**Work order**: Figure out how many lines in the records below hold the string "Lyst". That number alone is the answer.

(Data extracted from a collection)
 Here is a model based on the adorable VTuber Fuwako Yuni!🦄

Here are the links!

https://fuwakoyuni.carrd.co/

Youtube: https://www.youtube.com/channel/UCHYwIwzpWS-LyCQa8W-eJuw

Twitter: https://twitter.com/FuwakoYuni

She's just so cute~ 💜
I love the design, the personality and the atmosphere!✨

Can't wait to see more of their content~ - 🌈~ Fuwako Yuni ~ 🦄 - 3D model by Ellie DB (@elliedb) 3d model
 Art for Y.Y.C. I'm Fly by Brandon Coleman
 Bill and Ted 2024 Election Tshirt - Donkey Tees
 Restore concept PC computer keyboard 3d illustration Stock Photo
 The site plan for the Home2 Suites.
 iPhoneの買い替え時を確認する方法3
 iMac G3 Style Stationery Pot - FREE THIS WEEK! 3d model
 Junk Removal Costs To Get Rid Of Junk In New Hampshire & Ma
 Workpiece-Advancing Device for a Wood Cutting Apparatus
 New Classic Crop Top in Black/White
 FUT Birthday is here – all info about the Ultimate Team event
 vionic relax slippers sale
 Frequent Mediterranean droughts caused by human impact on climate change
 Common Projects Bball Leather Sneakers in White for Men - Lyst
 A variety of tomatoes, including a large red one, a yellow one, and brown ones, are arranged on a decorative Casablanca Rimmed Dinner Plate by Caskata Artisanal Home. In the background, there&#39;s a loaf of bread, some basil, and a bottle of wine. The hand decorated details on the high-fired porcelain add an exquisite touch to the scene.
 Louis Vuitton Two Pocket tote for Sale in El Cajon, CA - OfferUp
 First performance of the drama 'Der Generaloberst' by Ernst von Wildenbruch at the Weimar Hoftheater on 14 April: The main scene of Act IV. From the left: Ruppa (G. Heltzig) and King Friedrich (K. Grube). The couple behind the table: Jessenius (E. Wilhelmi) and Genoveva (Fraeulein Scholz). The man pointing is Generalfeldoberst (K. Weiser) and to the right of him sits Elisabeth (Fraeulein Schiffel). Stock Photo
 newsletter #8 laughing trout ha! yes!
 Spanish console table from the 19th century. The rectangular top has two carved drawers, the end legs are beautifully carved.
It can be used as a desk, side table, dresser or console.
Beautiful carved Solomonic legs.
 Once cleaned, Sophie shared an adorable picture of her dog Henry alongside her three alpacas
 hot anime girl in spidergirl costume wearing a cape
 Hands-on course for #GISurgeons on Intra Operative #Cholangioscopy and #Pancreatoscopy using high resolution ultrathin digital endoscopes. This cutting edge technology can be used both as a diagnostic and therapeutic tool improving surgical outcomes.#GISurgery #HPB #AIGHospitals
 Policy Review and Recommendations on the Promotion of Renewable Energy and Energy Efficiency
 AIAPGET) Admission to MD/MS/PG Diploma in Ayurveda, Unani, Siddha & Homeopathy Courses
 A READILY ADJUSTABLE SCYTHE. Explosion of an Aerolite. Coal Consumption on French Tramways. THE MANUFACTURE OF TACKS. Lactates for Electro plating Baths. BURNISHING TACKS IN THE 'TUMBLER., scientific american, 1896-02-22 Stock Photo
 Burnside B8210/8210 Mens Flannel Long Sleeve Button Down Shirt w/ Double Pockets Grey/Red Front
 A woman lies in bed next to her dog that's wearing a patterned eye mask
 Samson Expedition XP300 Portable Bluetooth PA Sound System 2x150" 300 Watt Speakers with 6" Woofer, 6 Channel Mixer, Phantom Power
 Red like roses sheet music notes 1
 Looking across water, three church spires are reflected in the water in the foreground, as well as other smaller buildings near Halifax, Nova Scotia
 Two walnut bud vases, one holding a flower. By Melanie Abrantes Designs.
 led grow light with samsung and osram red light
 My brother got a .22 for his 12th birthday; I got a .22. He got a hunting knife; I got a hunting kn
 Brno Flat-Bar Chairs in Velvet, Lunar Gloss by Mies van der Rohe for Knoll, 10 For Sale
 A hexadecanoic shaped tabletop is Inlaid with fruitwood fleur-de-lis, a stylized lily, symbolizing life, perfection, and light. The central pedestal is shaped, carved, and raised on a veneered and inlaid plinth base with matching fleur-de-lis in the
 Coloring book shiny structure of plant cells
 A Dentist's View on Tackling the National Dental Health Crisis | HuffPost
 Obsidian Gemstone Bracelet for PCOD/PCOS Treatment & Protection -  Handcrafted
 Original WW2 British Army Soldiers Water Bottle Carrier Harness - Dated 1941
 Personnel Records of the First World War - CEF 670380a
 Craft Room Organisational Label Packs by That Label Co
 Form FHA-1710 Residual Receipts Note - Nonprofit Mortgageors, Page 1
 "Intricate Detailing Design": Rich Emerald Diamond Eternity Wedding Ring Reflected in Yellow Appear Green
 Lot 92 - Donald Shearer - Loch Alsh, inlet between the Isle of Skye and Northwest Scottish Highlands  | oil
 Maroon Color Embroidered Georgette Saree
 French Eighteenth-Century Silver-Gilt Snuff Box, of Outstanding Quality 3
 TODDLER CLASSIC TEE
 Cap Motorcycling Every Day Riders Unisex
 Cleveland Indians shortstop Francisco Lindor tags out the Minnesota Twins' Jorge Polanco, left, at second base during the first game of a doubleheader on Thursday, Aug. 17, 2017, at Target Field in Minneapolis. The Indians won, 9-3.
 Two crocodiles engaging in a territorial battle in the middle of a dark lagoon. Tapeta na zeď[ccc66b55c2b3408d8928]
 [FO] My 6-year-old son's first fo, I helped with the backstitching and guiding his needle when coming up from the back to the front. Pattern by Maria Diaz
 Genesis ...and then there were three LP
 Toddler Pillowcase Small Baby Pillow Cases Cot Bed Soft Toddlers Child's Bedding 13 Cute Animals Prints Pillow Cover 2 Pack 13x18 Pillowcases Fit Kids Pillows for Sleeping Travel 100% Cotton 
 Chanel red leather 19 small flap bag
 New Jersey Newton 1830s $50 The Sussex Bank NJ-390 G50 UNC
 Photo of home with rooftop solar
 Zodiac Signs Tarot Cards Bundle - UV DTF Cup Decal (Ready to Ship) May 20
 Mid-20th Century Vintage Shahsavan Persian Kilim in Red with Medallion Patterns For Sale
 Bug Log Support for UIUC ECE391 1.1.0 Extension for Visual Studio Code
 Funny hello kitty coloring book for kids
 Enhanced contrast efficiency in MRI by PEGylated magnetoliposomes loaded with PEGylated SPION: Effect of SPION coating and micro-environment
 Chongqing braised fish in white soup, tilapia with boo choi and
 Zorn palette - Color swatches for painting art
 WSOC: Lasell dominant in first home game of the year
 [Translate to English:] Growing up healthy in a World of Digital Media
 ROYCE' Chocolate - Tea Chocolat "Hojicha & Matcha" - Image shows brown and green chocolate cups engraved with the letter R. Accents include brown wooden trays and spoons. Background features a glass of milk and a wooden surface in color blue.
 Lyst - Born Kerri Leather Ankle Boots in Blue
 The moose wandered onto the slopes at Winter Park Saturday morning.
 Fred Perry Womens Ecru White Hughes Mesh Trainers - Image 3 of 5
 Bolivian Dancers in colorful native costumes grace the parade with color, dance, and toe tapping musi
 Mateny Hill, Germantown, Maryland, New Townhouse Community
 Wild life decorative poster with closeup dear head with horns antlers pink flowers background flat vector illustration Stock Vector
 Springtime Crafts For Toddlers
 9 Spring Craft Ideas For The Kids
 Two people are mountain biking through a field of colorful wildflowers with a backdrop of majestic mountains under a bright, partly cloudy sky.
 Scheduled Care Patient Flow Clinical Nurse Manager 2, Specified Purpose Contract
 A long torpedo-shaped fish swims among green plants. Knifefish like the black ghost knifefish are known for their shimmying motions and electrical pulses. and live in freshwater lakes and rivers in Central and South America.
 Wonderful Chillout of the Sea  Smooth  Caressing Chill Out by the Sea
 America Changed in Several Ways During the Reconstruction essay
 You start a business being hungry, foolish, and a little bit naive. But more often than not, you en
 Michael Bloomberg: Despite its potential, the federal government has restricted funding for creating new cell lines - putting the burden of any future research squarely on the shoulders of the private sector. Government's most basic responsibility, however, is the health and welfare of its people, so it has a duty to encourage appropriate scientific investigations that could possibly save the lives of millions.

**Task result**: 2